[Exercise data Boundary: Start]

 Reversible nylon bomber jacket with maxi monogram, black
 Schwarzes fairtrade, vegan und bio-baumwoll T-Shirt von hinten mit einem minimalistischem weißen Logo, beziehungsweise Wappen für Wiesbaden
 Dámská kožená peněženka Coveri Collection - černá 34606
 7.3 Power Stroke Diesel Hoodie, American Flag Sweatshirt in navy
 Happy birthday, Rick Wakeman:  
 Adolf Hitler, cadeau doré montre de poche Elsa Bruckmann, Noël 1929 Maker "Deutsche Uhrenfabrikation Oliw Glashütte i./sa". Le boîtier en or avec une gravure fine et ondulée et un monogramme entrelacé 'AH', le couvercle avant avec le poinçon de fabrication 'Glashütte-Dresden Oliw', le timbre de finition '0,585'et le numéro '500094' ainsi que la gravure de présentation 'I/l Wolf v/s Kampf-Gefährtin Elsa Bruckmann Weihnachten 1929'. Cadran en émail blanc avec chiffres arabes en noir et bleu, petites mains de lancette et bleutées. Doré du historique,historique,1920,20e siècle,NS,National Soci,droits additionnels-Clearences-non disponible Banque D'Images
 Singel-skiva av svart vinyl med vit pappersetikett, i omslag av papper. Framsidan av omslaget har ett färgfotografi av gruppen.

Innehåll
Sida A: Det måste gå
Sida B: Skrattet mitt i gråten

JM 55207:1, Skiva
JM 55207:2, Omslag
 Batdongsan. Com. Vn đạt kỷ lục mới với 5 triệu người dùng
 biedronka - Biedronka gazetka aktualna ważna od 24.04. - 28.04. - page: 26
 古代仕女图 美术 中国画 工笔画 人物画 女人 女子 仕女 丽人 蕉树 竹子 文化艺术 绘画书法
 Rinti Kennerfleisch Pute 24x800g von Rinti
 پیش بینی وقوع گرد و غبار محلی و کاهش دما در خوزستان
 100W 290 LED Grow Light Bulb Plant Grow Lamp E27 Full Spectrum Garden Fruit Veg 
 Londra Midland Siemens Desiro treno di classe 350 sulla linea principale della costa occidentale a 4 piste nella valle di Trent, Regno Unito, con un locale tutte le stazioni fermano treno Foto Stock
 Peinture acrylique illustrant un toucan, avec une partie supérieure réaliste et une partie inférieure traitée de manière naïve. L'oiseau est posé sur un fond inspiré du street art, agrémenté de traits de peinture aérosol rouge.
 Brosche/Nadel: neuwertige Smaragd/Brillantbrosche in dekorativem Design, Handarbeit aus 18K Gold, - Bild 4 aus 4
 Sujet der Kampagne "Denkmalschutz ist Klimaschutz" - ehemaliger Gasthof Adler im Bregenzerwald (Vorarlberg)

[Exercise data Boundary: End]

Assigned task
Considering the records above, how many lines hold "avec"? Please answer with only the number.

Exercise result
2